Важная особенность эпилептического слабоумия — симптом общей прогрессирующей олигофазии, которая была выделена А. Н. Бернштейном (1912) в качестве основного и наиболее характерного симптома расстройств речи у больных эпилепсией. Олигофазия представляет собой затруднения в назывании предметов и является амнестико-афатическим комплексом, который в начальных стадиях эпилепсии обнаруживается у больных только после припадка (острая олигофазия), а затем, с прогрессированием заболевания, приобретает все большую выраженность и в межприпадочных состояниях (постоянная, или общая прогрессирующая, по Я. П. Фрумкину, олигофазия). Общая прогрессирующая олигофазия отличается от острой, после-припадочной существенным и неуклонно прогрессирующим обеднением словарного запаса. Обеднение словарного запаса отражает степень выраженности и характер эпилептического слабоумия. О роли слабоумия в генезе общей прогрессирующей олигофазии свидетельствует и такая ее особенность — в отличие от обычной амнестической афазии подсказка начала слова становится малоэффективной. Длительно болеющим часто не помогает подсказывание даже всех, кроме последнего, слогов слова. По мере течения болезни снижается и активность поисков больными нужного слова, и, возможно, в связи с этим отмечается сравнительная редкость вербальных парафазии.

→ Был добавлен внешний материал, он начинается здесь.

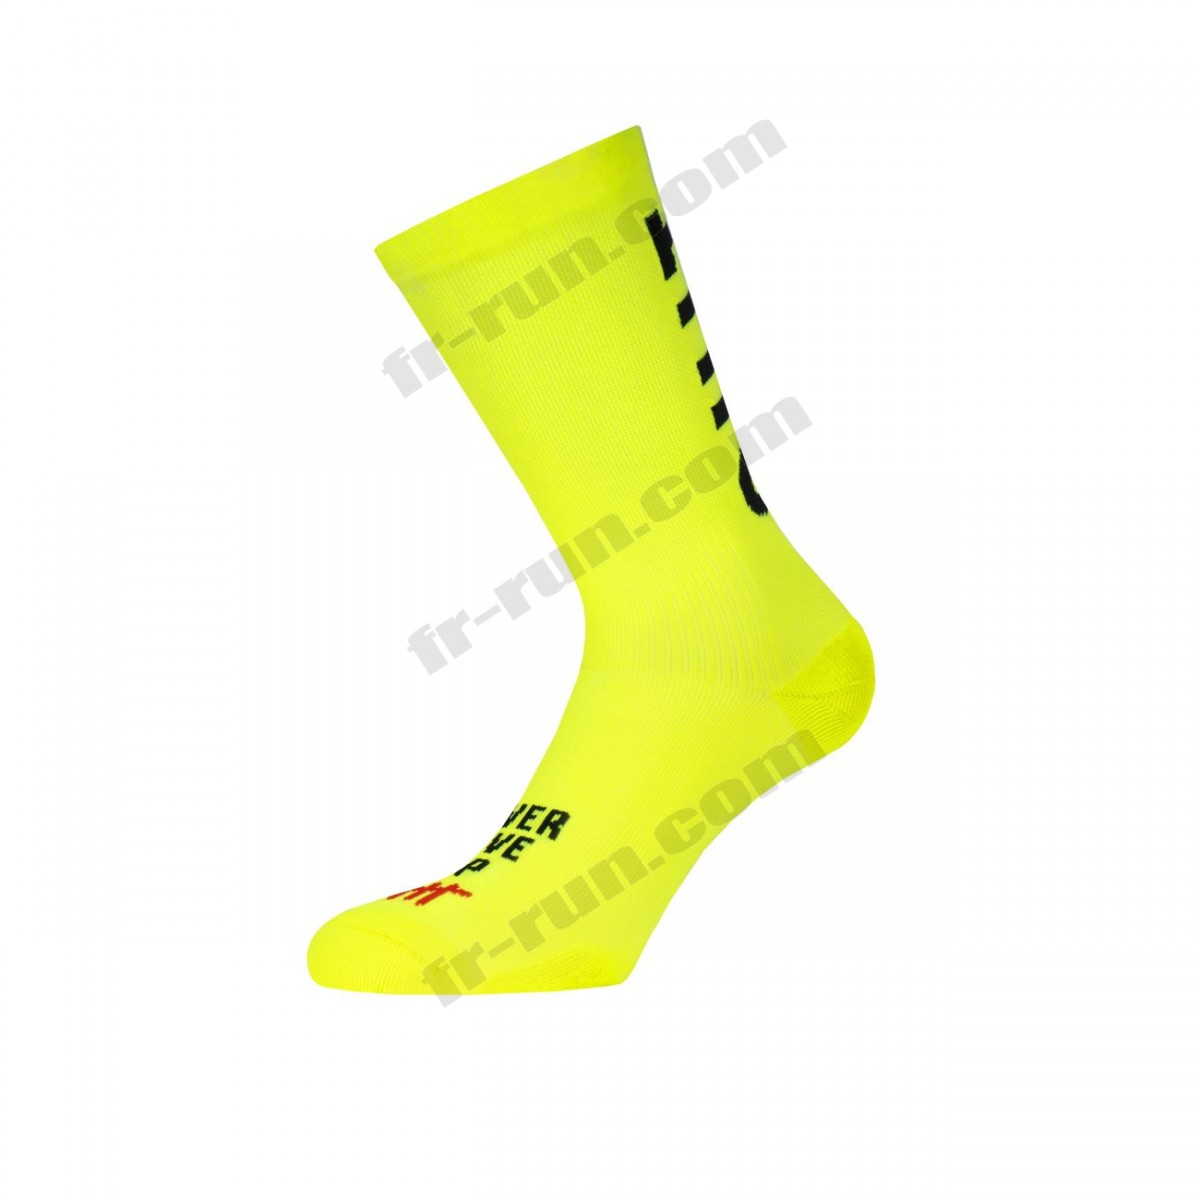 Pacific And Co/running adulte PACIFIC and CO DON'T QUIT Unisex Performance Socks ◇◇◇ Pas Cher Du Tout - Pacific And Co/running adulte PACIFIC and CO DON'T QUIT Unisex Performance Socks ◇◇◇ Pas Cher Du Tout

Общая прогрессирующая олигофазия в значительной мере отражает и степень знакомства больного с показываемыми ему предметами, в большей или меньшей мере энграммировавшимися в его прежнем жизненном опыте. Больным труднее называть предметы, с которыми они редко встречались в прошлом. Воспроизведение олигофазии в условиях психологического эксперимента показывает, что затруднения в подборе необходимого слова больше выражены при предъявлении больному абстрактных раздражителей речевого анализатора. Затрудняясь назвать показываемый предмет, больные с явлениями чистой амнестической афазии прибегают к компенсаторному механизму, характеристике свойств этого предмета, обрисовке его по внешним признакам и определению его назначения. Как правило, чем больше выражено эпилептическое слабо-148

умие, тем меньше компенсируется дефект функции называния.

Таким образом, общая прогрессирующая олигофазия по сравнению с острой послеприпадочной — более сложный симптомокомплекс, в происхождении которого важную роль играет сочетание двух факторов: амнестически-афатических проявлений и прогредиентного эпилептического слабоумия.

Наличие эпилептического слабоумия определяется характером течения заболевания. Принято считать, что оно развивается при неблагоприятном течении болезни. По W. G. Lennox (1937), при эпилепсии слабоумие отмечается у 20—40 % больных. О. В. Кербиков (1947) обнаружил слабоумие у 21 % больных эпилепсией. Показатели эти имеют относительное значение, так как не учитывают особенностей течения и стадии заболевания. Можно думать, что частота эпилептического слабоумия в последние годы уменьшается в связи с широко проводимым и рано начинаемым комплексным лечением больных эпилепсией.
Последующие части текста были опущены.